Active burrow in open yard away from structures Confirm activity, then removal/exclusion, then fill/compact Established burrows resist “scare” tactics
Burrow under deck/shed/steps/patio Professional wildlife control + exclusion mesh Harder to confirm exit; higher risk of damage
Repeated returns after DIY deterrents Upgrade to physical exclusion (mesh/fence) or pro removal Smells/ultrasonic rarely solve root cause

Why groundhogs stay

  • Safe shelter: burrows offer protection from predators and weather.
  • Food nearby: gardens, clover lawns, ornamental plants, fallen fruit, compost.
  • Low disturbance: quiet corners, brush piles, under-deck space.
  • Established tunnels: once a burrow is built, deterrents often become “background noise.”

What to do (safe order)

  1. Confirm activity: smooth dirt at entrances and check for fresh digging within 24–48 hours.
  2. Don’t seal an active burrow: avoid trapping an animal inside or causing odor issues.
  3. Remove or exclude: once the animal is out (or removed), block re-entry with heavy-gauge mesh.
  4. Backfill and compact: add soil in layers and compact to reduce future settling.
  5. Reduce attractants: fence gardens, remove cover, and manage food sources.

Most effective deterrents

  • Exclusion under decks/sheds: hardware cloth or welded wire, buried 10–12 inches, plus an outward “L” footer.
  • Garden fencing done right: strong mesh, buried 12+ inches (or “L” footer), seams secured, bottom tight to ground.
  • Habitat cleanup: remove brush piles, mow tall weeds, trim shrubs away from foundation edges.
  • Motion-activated sprinklers: best for early pressure; reposition occasionally to avoid pattern learning.

Common mistakes

  • Using smell deterrents as the main strategy (they fade; animals return).
  • Installing a fence without burying it (groundhogs dig underneath).
  • Sealing holes immediately without confirming the burrow is inactive.
  • Leaving easy food sources (unprotected gardens, fallen fruit, unsecured compost).
  • Skipping compaction when filling holes (settling creates new low spots and attracts digging).

FAQ

Do mothballs or ammonia repel groundhogs?

They are unreliable and usually short-lived. Odors fade and animals often return, and some substances can be unsafe around kids, pets, and gardens. Physical exclusion tends to work better than smell-based methods.

Do ultrasonic repellent stakes work?

Most people do not get consistent long-term results. Groundhogs may adapt, and soil conditions can reduce effective range. If you try them, treat it as a supplemental tool, not the main solution.

Should I fill a groundhog hole to make it go away?

Don’t seal an active burrow with an animal inside. Confirm it’s inactive first or handle removal/exclusion, then backfill and compact properly. Sealing too early can create odor problems and can push the animal to create new exits.

What is the best way to stop groundhogs from coming back?

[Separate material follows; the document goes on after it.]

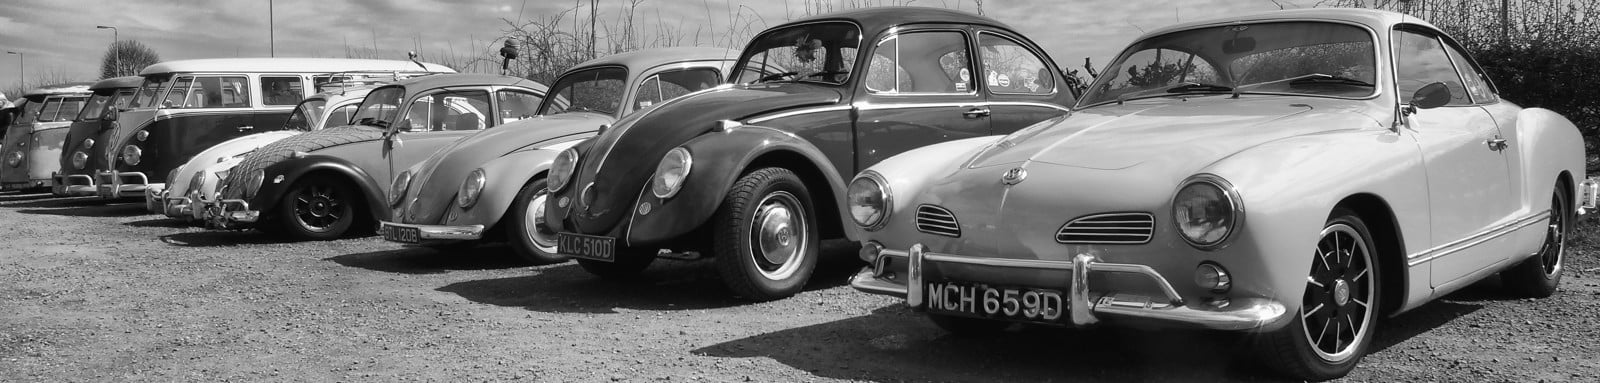 Aircooled Volkswagens

Exclude access to protected spaces (under decks/sheds) using buried hardware cloth, fix the “dig-under” problem with a buried fence or outward “L” footer, and reduce food/cover. Long-term prevention is mostly about making the site inconvenient.

Related pages

Sources and assumptions

  • General wildlife control best practices: confirm activity, remove/exclude first, then seal and compact.
  • Deterrents are most reliable when paired with exclusion and habitat changes, especially after an animal is established.
  • This page is informational and not a substitute for local legal guidance on wildlife handling.